AFGSC is the Air Force's lead command for and largest operator of UH-1N Huey helicopters. The UH-1N supports ICBM operations in missile fields controlled by F.E. Warren AFB, Malmstrom AFB and Minot AFB.
Bomber Capabilities The B-2 Spirit is a long-range nuclear and conventional stealthy bomber. The bomber can fly at high subsonic speeds at altitudes that can reach 50,000 feet. Its unrefueled range is at least 6,000 nautical miles. The B-2 brings massive firepower, in a short time, anywhere on the globe through the most challenging defenses.
The B-52 Stratofortress is a long-range, nuclear and conventional heavy bomber that can perform a variety of missions. The bomber can fly at high subsonic speeds at altitudes reaching 50,000 feet. It has an unrefueled combat range in excess of 8,800 miles. It can carry precision-guided ordnance with worldwide precision navigation.

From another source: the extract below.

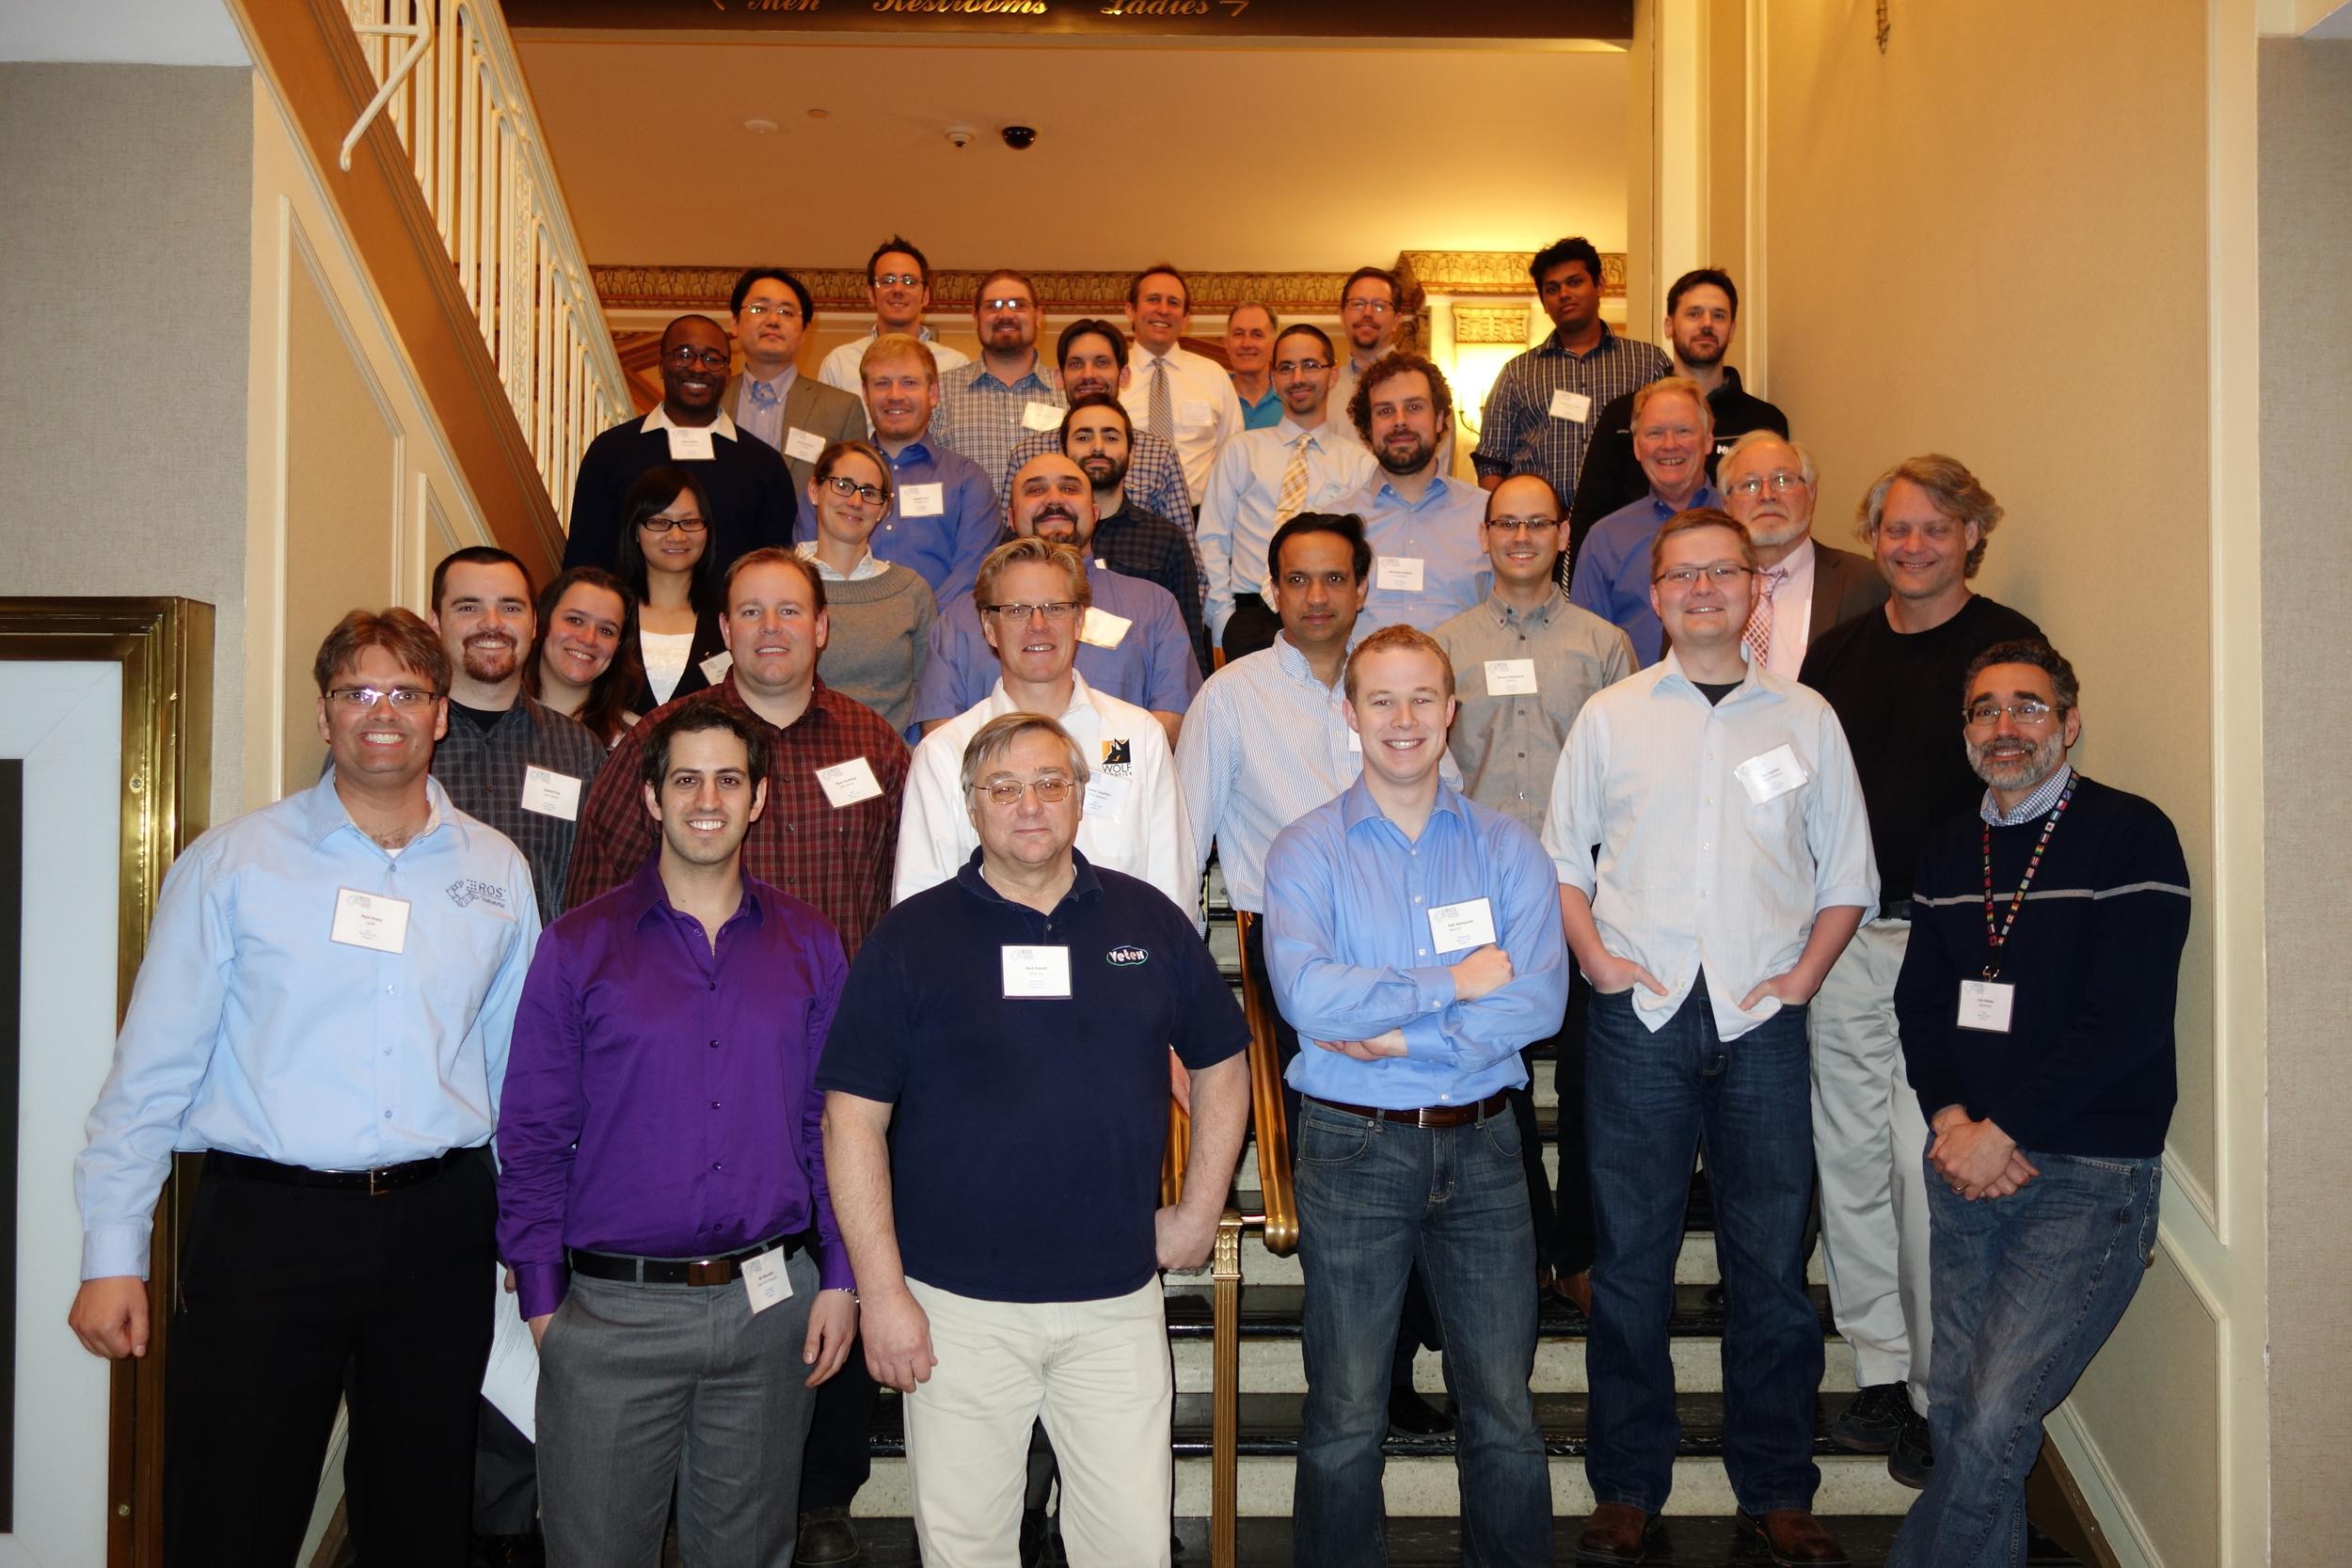 ROS-I Consortium Americas Annual Meeting Attendees - 2015

Jan. 12, 2009 - Air Force officials officially established Air Force Global Strike Command (Provisional) at Bolling AFB, Washington, D.C. with supporting detachments at Air Combat Command and Air Force Space Command, and commanded by Brig. Gen. James M. Kowalski. The provisional command was responsible for implementing the Secretary of the Air Force's Program Action Directive and Programming Plan.
Aug. 7, 2009 - Air Force Global Strike Command stood up and was tasked to oversee all of the U.S. Air Force's long-range nuclear-capable bomber and intercontinental ballistic missile forces in a ceremony at Barksdale Air Force Base, La. The ceremony was officiated by the Chief of Staff of the Air Force, Gen. Norton A. Schwartz, and attended by both Louisiana U.S. senators, the governor of Louisiana and about 1,000 Airmen and guests.
December 1, 2009 - The command assumed the U.S. Air Force's Minuteman III intercontinental ballistic missile mission with the assumption of 20th Air Force and the 576th Flight Test Squadron. These units were previously part of Air Force Space Command.
February 1, 2010 - The command assumed the U.S. Air Force's strategic long-range nuclear-capable B-2 Spirit and B-52 Stratofortress bomber missions with the assumption of the 8th Air Force mission. These units were previously part of Air Combat Command.
The globe reflects the command's global capabilities and the golden wings represent the dominance in the air and reflect our lineage to the Army Air Corps. The blue field alludes to the sky, the primary domain of the Air Force. The star represents clarity of purpose to maintain readiness and deter adversaries. The red disc symbolizes past and present Airmen who have made individual sacrifices to achieve mission goals. The lightning flashes, symbolic of speed and power, represent our war-fighting mission should deterrence fail, and remind us of our lineage to Strategic Air Command.